* _RAW DATA_
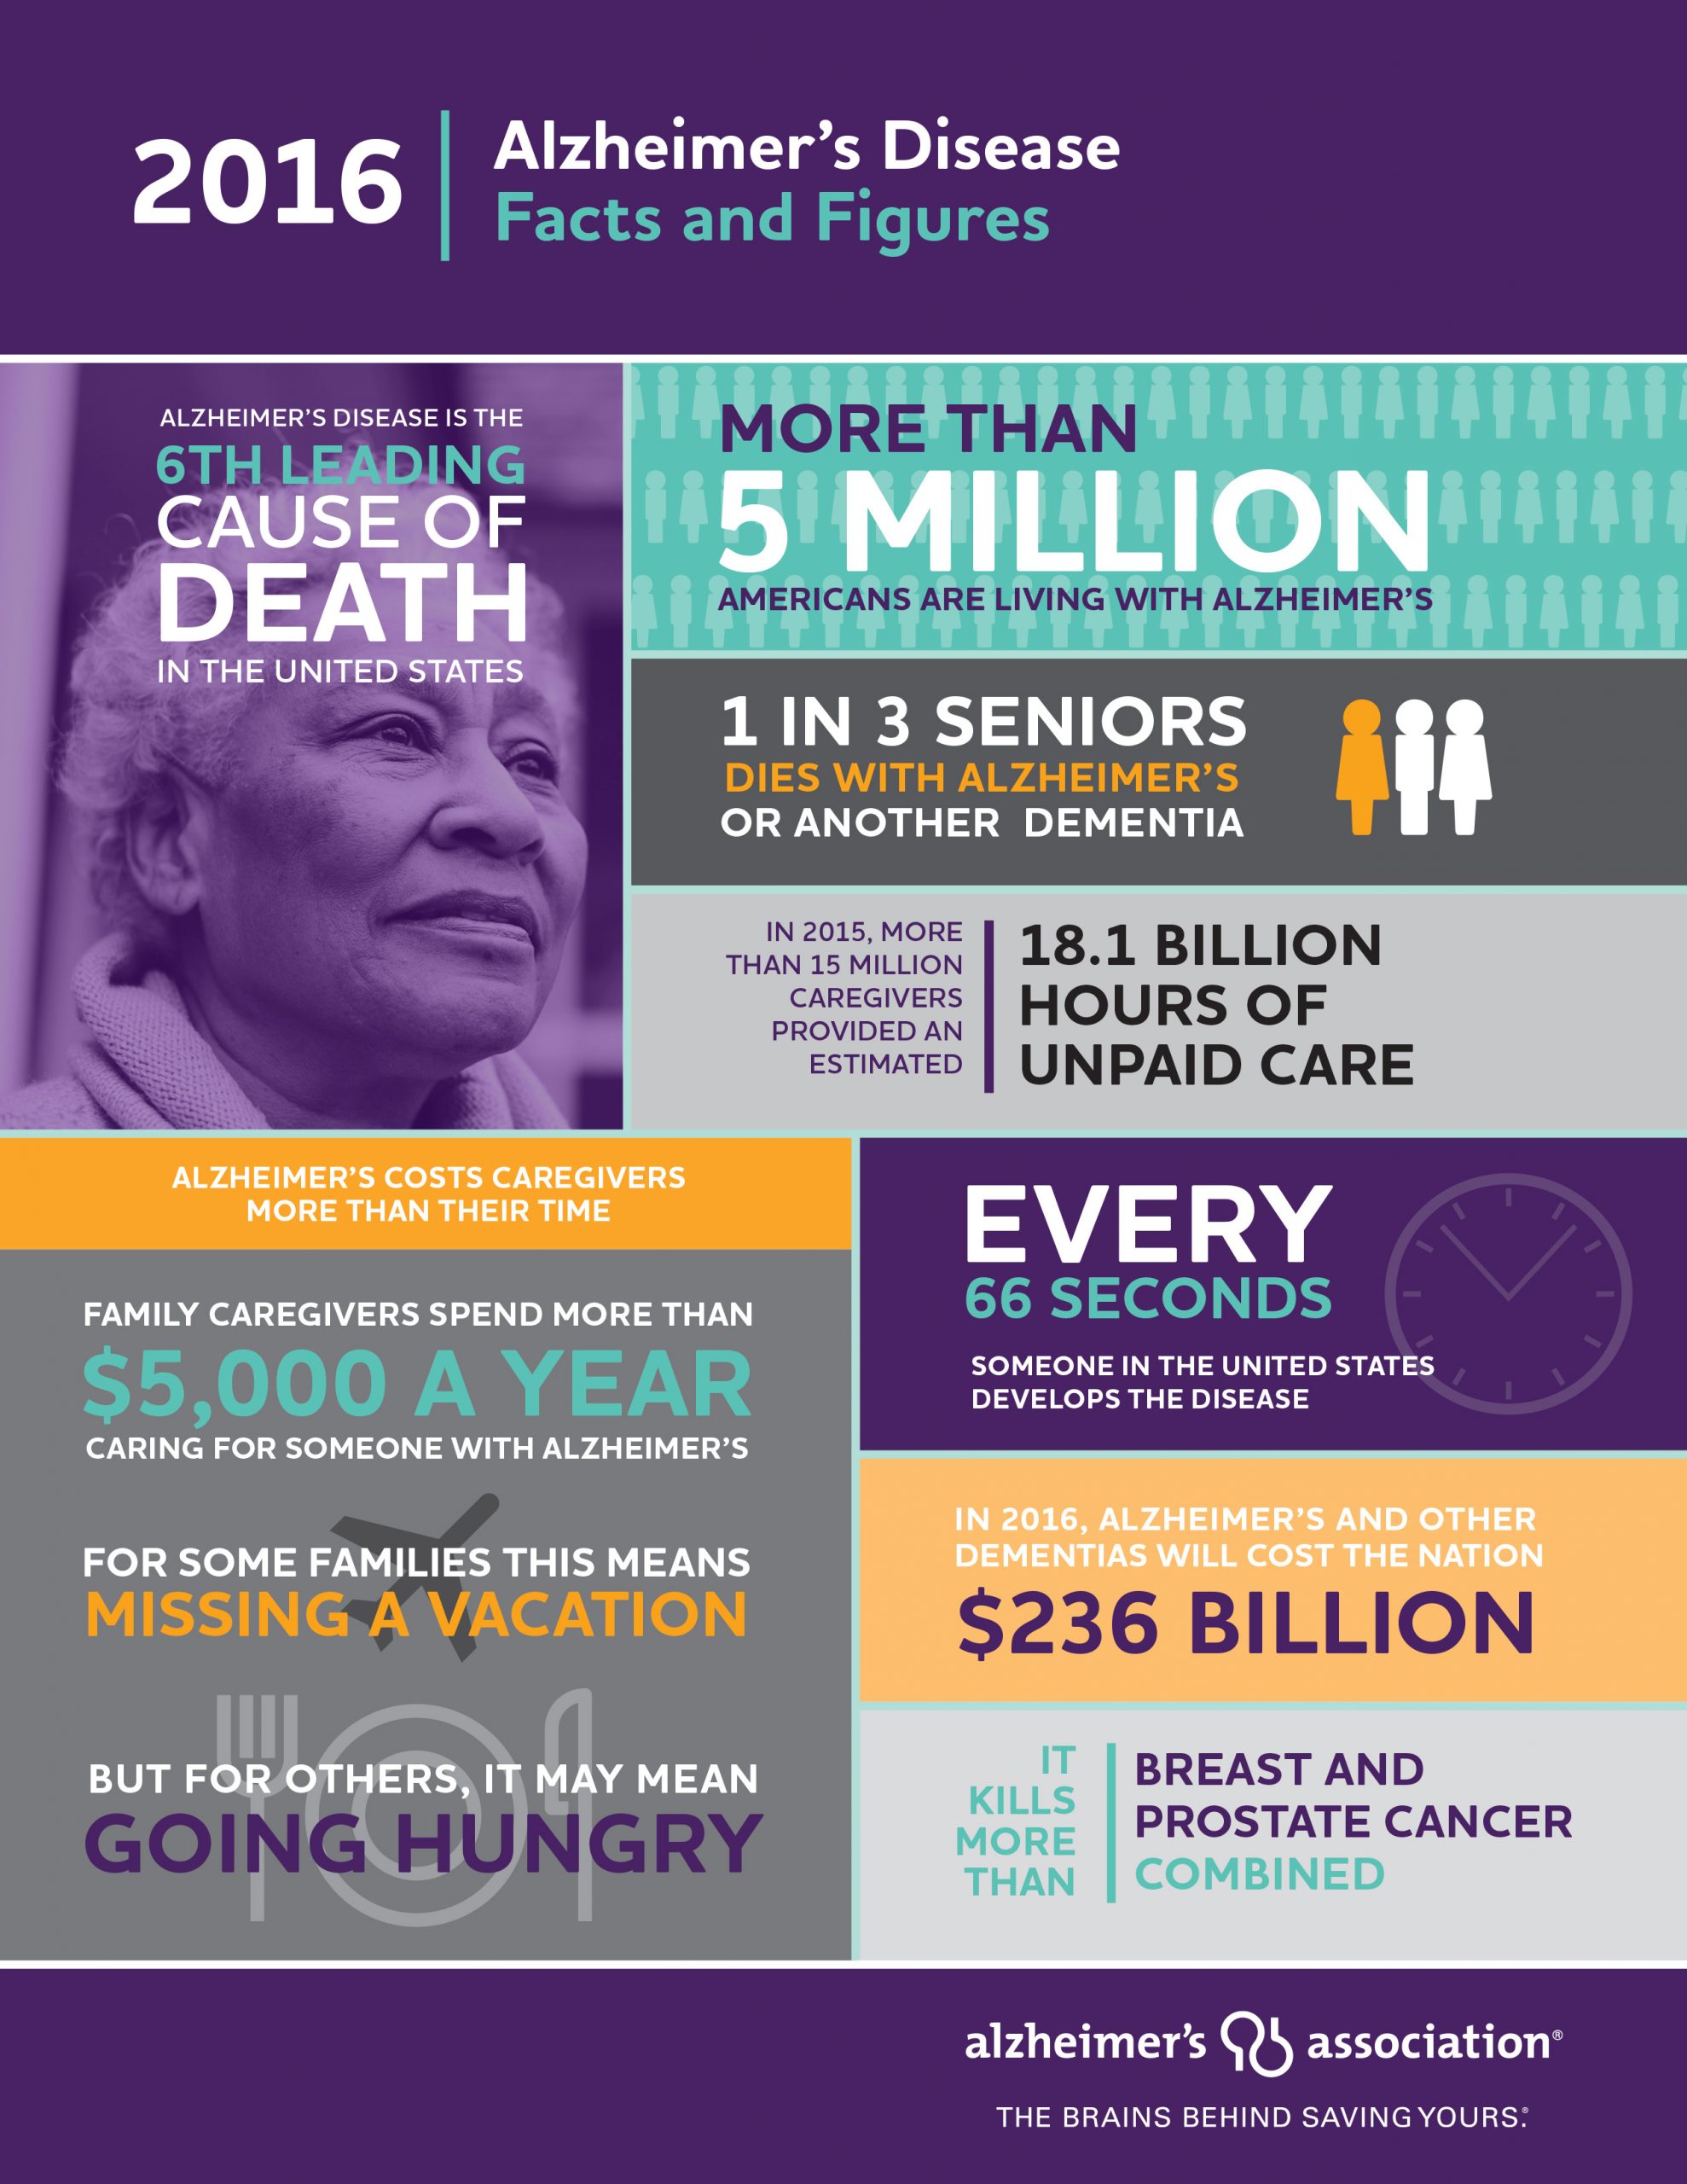 Alzheimerâs Association releases 2016 Alzheimerâs Disease Facts and ...
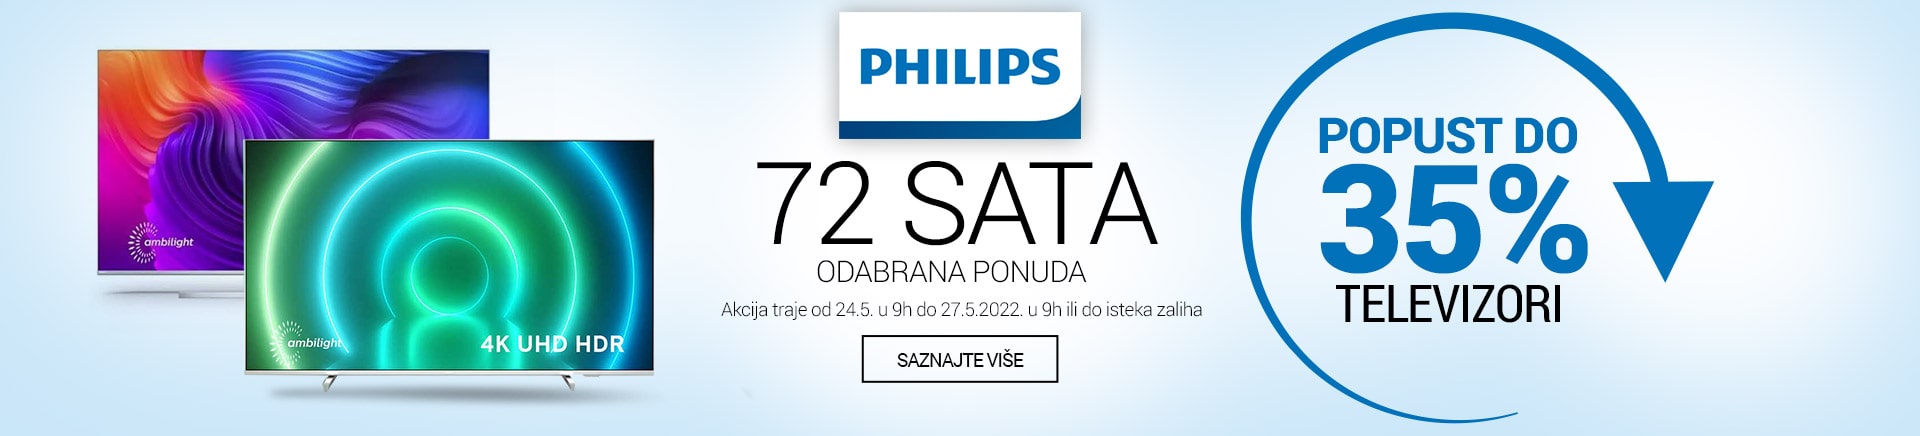 72 sata - Philips Televizori do 35% popusta
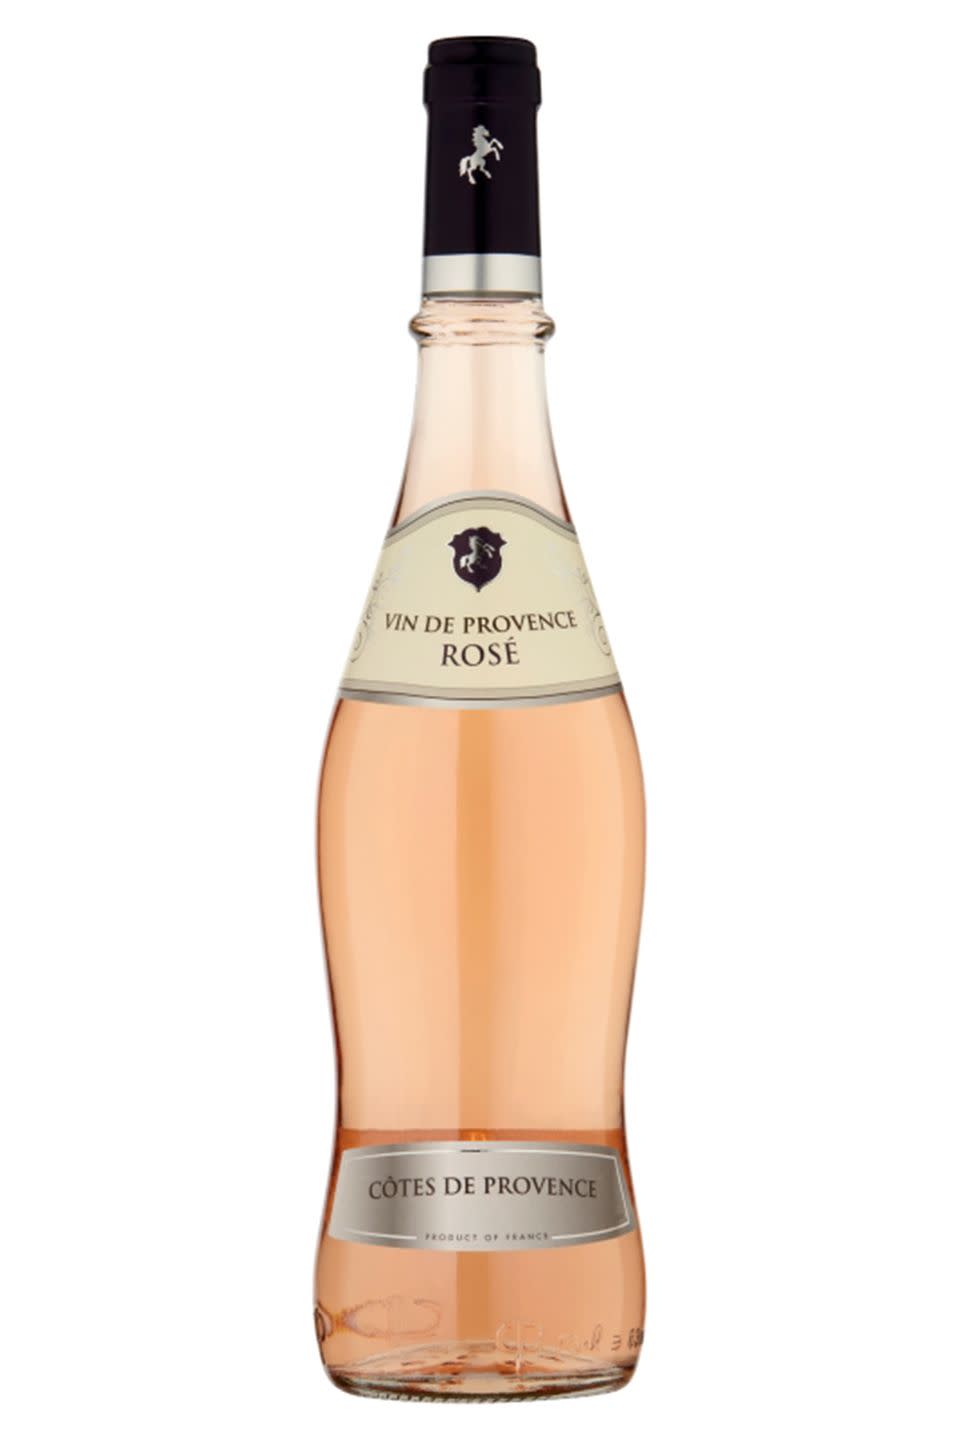 7) Asda Cotes de Provence Rosé 2018
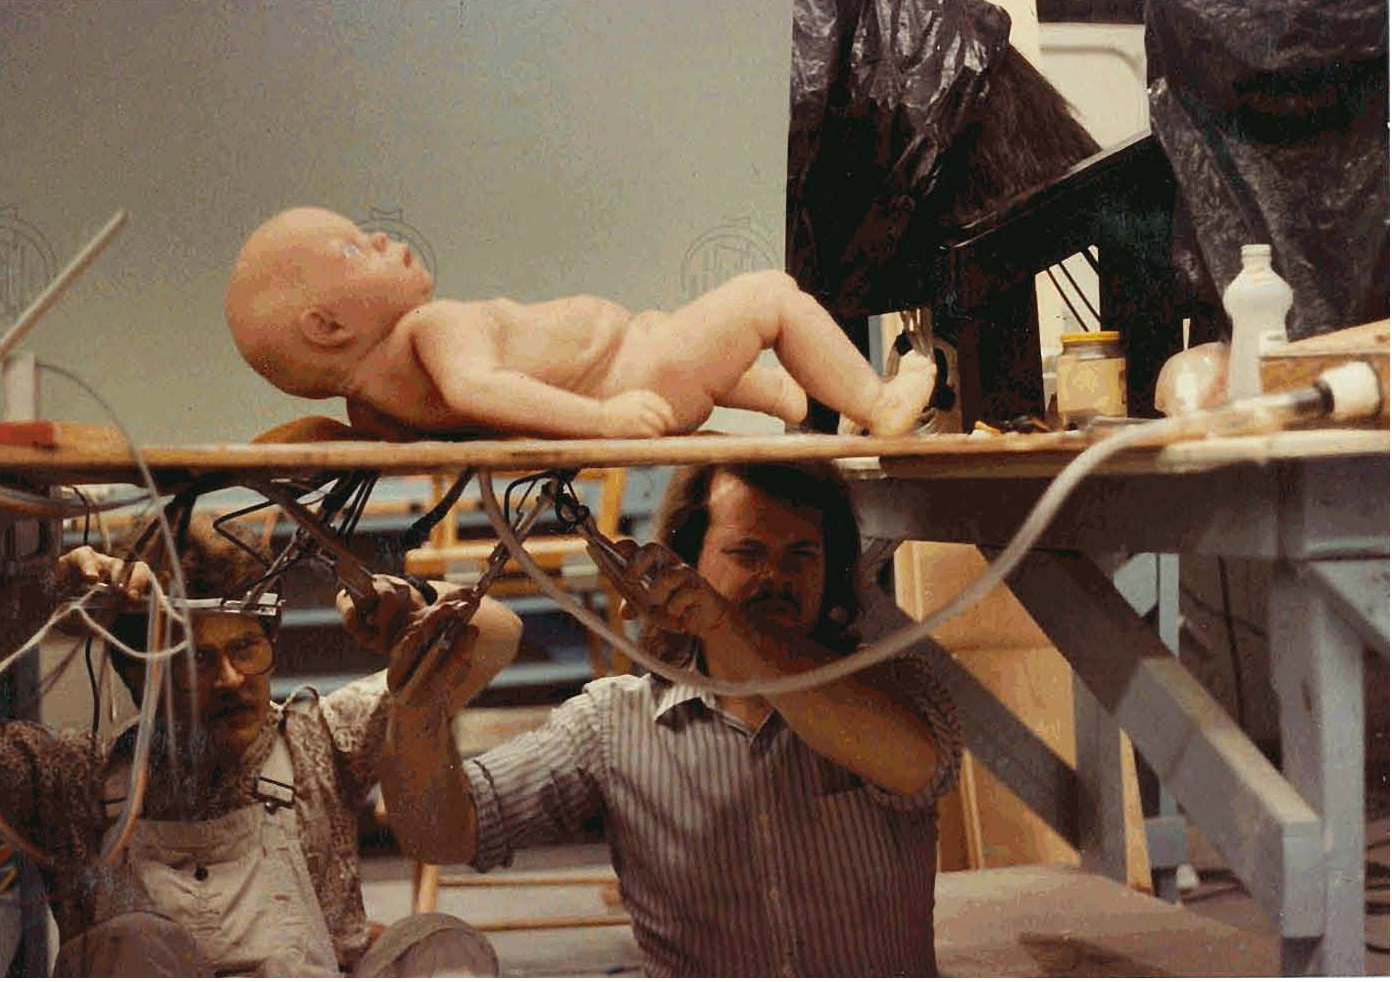 Starman (1984) Directed by John Carpenter. Rick Baker Studio. Starbaby 'hot-melt' puppet test. Mark Wilson and Tim Lawrence.

* _TASK INSTRUCTIONS_
Pictures stay out; print everything else in the data exactly.

* _WRITTEN RESPONSE_
 Alzheimerâs Association releases 2016 Alzheimerâs Disease Facts and ...
 72 sata - Philips Televizori do 35% popusta
 7) Asda Cotes de Provence Rosé 2018
 Starman (1984) Directed by John Carpenter. Rick Baker Studio. Starbaby 'hot-melt' puppet test. Mark Wilson and Tim Lawrence.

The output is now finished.